Charles Albert Eric Goodhart, (born 23 October 1936) is a British economist. He worked at the Bank of England on its public policy from 1968 to 1985, and worked at the London School of Economics from 1966 to 1968 and 1986 to 2002. His work focuses on central bank governance practices and monetary frameworks. He also conducted academic research into foreign exchange markets. He is best known for formulating Goodhart's law, which states: "When a measure becomes a target, it ceases to be a good measure."

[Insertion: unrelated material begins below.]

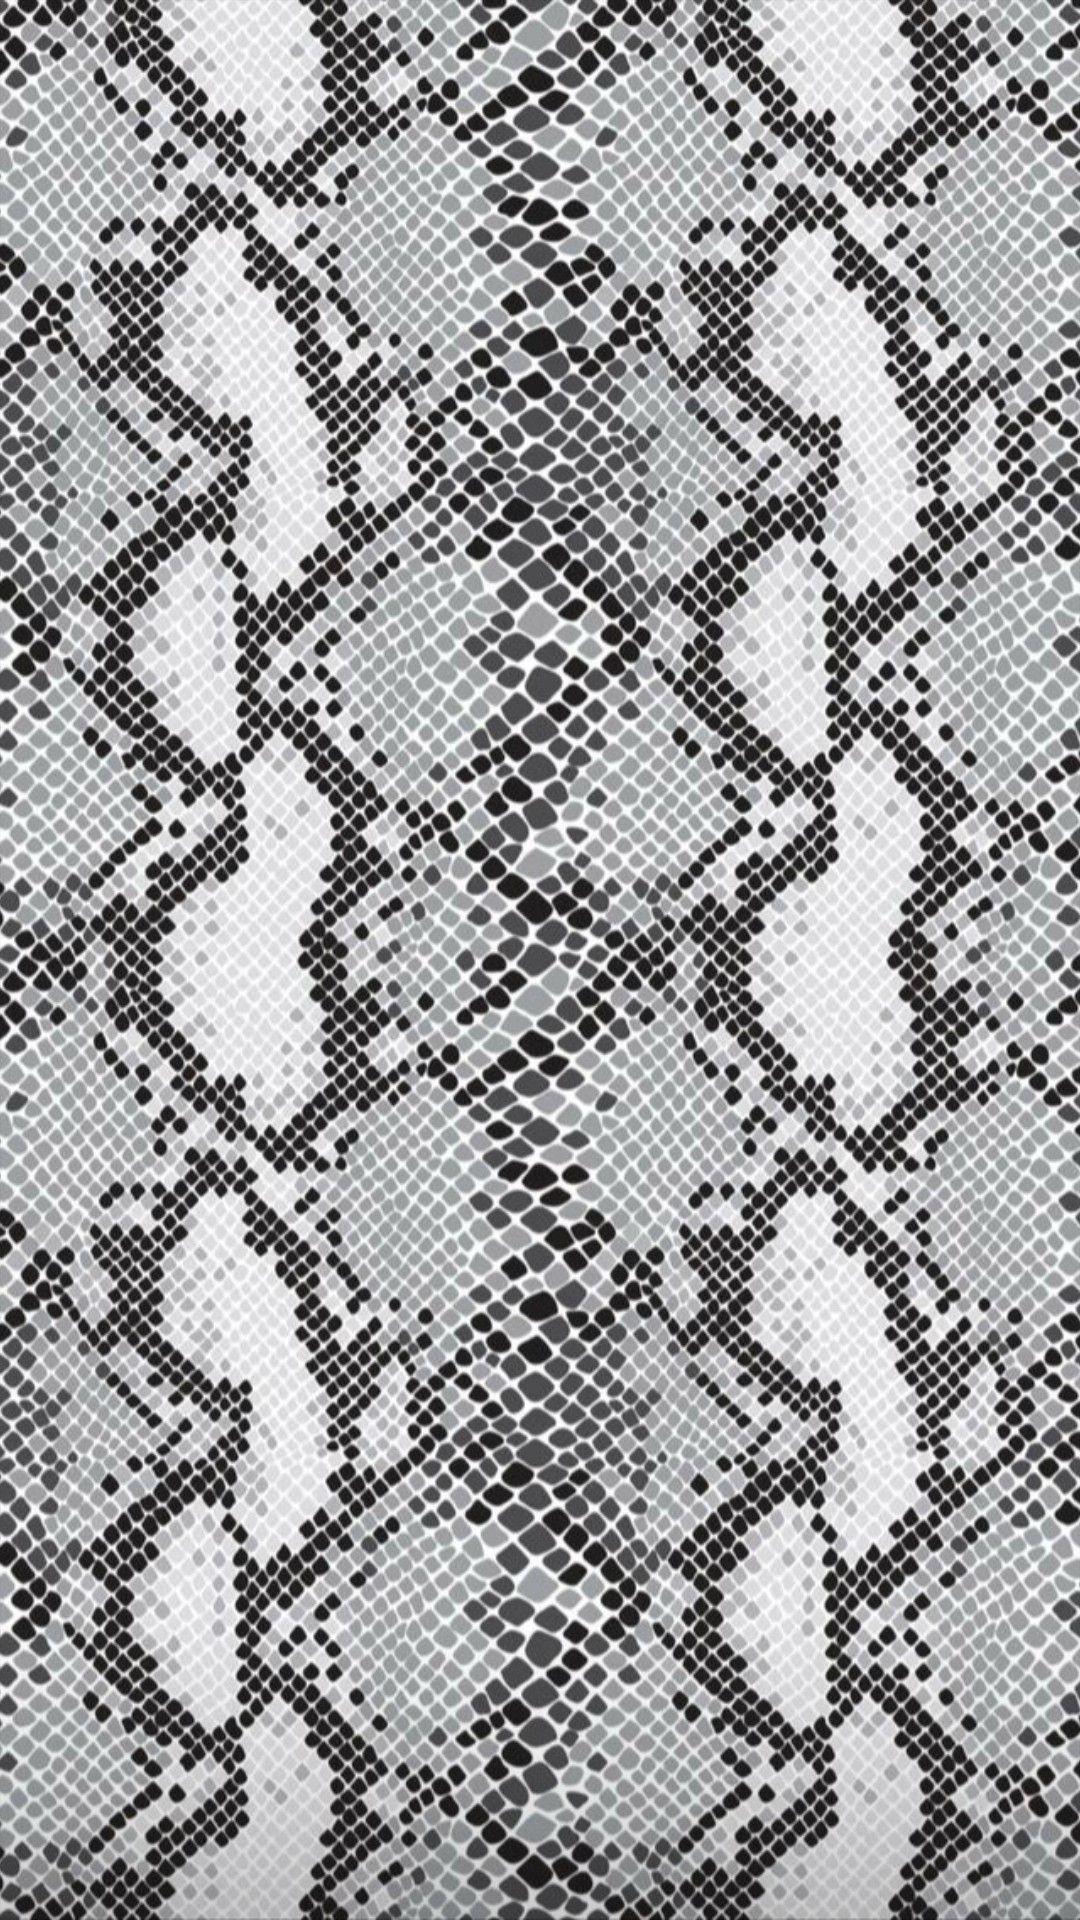 Wallpaper in 2020 Animal print wallpaper, Graphic wall

== Early life and education ==
Charles Goodhart was born on 23 October 1936 in Oxford, England, to Arthur Lehman Goodhart, an American residing in England, and his English wife, Cecily Carter.  His father studied law at Trinity College, Cambridge, eventually becoming a law don at Corpus Christi College. Following the family's move to Oxford, Goodhart's father became the Professor of Jurisprudence in 1936 and the Master of University College (1951–1963). While their father was Jewish, Cecily Carter brought up her three sons (Philip Goodhart, William Goodhart and Charles Goodhart) as members of the Church of England. During World War II, Arthur Goodhart's outspoken opposition to Nazism led to Charles (aged 2) being evacuated alongside his two elder brothers to the United States. Upon their return, Charles joined his brother William Goodhart at the St Leonards branch of the (Oxford) Summerfields School. Charles was then accepted to Eton College where he focused on the study of history and languages. After he finished school, he completed two years of compulsory national military service (1955–1956) in which he was involved with the Hungarian Revolution of 1956 and the Suez Crisis and earned the rank of second lieutenant in the King's Royal Rifle Corps.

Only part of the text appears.